What is a Network Protocol? - Types & List

Instructor: Luis Cruz

Luis is an IT executive with over 18 years of experience and has a master's degree in Management Information Systems.

Network protocols. You use them every day. Some even every minute, yet most people wouldn't know it. Network protocols are simply the rules the internet lives by. In this lesson, we'll learn what network protocols and look at the different types.

Network Protocols

So you need to get to your aunt Gretchen's house for a Sunday dinner. You get in your car, put your seat belt on, and start your car. Turn the lights on if it's already dark. When you get to the stop sign, you make a full stop, look left, right, then left again. No one is coming, so you go. You drive down the street, not to exceed the 40 MPH speed limit, and approach a red traffic light as you get in the left turning lane. You wait for the left turn signal to turn green, then you are on the highway and off to your aunt's house.

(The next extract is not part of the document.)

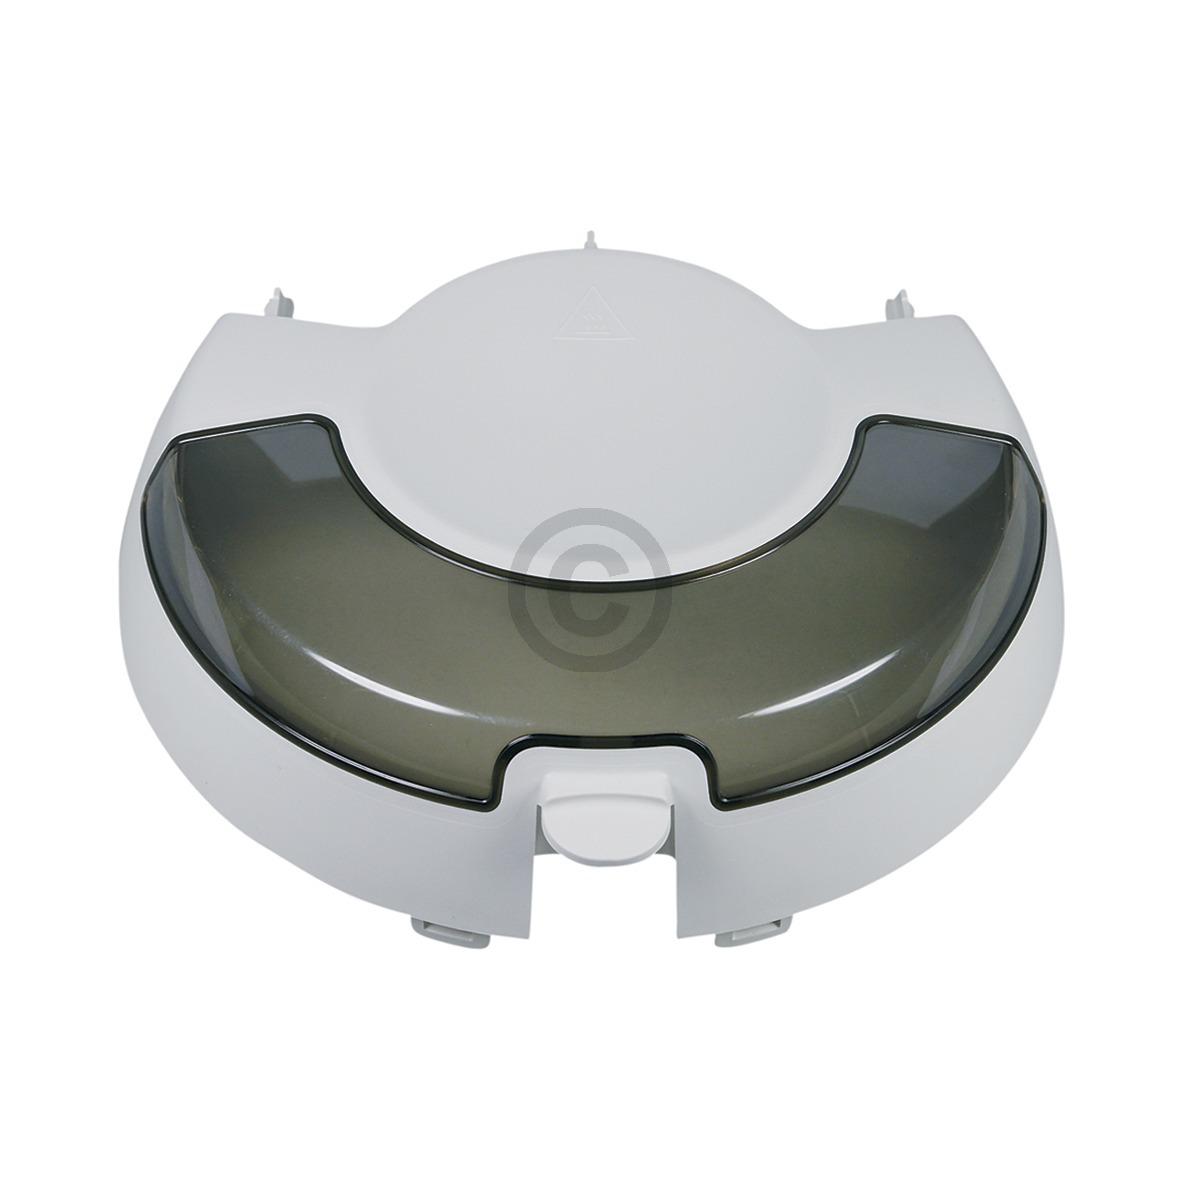 Deckel für Heissluft-Fritteuse Tefal ActiFry SS-993603 Krups Moulinex Rowenta Te

You arrive safely and on time because most of us are law-abiding citizens. We follow traffic laws. Good thing too! She made your favorite corn soufflé. Computers, and virtually any device that communicates on the internet, are law-abiding citizens as well! Network Protocols are traffic laws in the cyber-world. They define the rules and specifications for how communication happens on the information super-highway.

Network Protocols are Traffic Laws for the Internet
Network Protocol Traffic Laws

On a network, the cars on the road are called data packets, and there are literally hundreds of trillions of them. Imagine the traffic jam that would result from not following the laws-of-the-road on the network. Whether it's the largest network in the world, the internet, or a small home network, Network protocols ensure that devices can communicate with each other over a network.

To ensure safe roadways, drivers follow the same set of traffic laws. Likewise, devices on a network must use the same network protocol to communicate. If drivers followed different rule sets, there may be life-threatening accidents. Can you imagine a London driver driving using UK traffic laws in the United States? Yikes!

Without network protocols, instant messages wouldn't get to your friends, emails wouldn't get to their destinations, and websites wouldn't popup on your screen. Also, Google would be useless, and half the world would be lost.

Network Protocols: Basic Layers

Network protocols are broken up into categories called layers. Discussing the various layers is beyond the scope of this lesson, but suffice it to say that the first layer is closest to the electrical components, like the network cable of a computer. The last layer is closest to what a person interacts with, such as reading your email on the screen.

The Basic Network Layers
Basic Network Layers

Standard vs. Proprietary Network Protocols

Standard Protocols are some of the most commonly used protocols. Standard protocols are vetted by organizations such as the Internet Society, who's mission it is 'to promote the open development, evolution, and use of the Internet for the benefit of all people throughout the world'.

Standard Protocols are freely usable by people who make gadgets that communicate on a network. They don't have to worry about acquiring permission or paying royalties to use them. It's like driving your car on public roads. You don't have to pay for the framework (at least not directly) that supports traffic laws, such as traffic lights, signs, or painted traffic markings on the road.

Occasionally companies will create their own private network protocols. These are called proprietary protocols. These protocols are usually owned by a company or individual, and becomes the Intellectual Property of the creator. If you wanted to use one you would have to obtain permission and pay a royalty.

Standard vs. Proprietary Example

The iMessage protocol is a proprietary protocol from Apple. If two people have Apple iPhones, they can send text messages using the iMessage protocol. This shows up as a blue bubble on the iPhone. However, an iPhone and a Android phone would have to fall back to the SMS standard protocol that both devices understand. Your messages shows using the green bubble on the iPhone.

Proprietary iMessage Protocol
Proprietary iMessage Protocol

Standard SMS Protocol
Standard SMS Protocol

Many companies choose to design a proprietary network protocol when they feel that it will make their product function more efficiently or give them a competitive advantage. This would be similar to driving on a turnpike or express lane with tolls. You'll have a nicer ride, and get to your destination faster, but you will pay extra for it.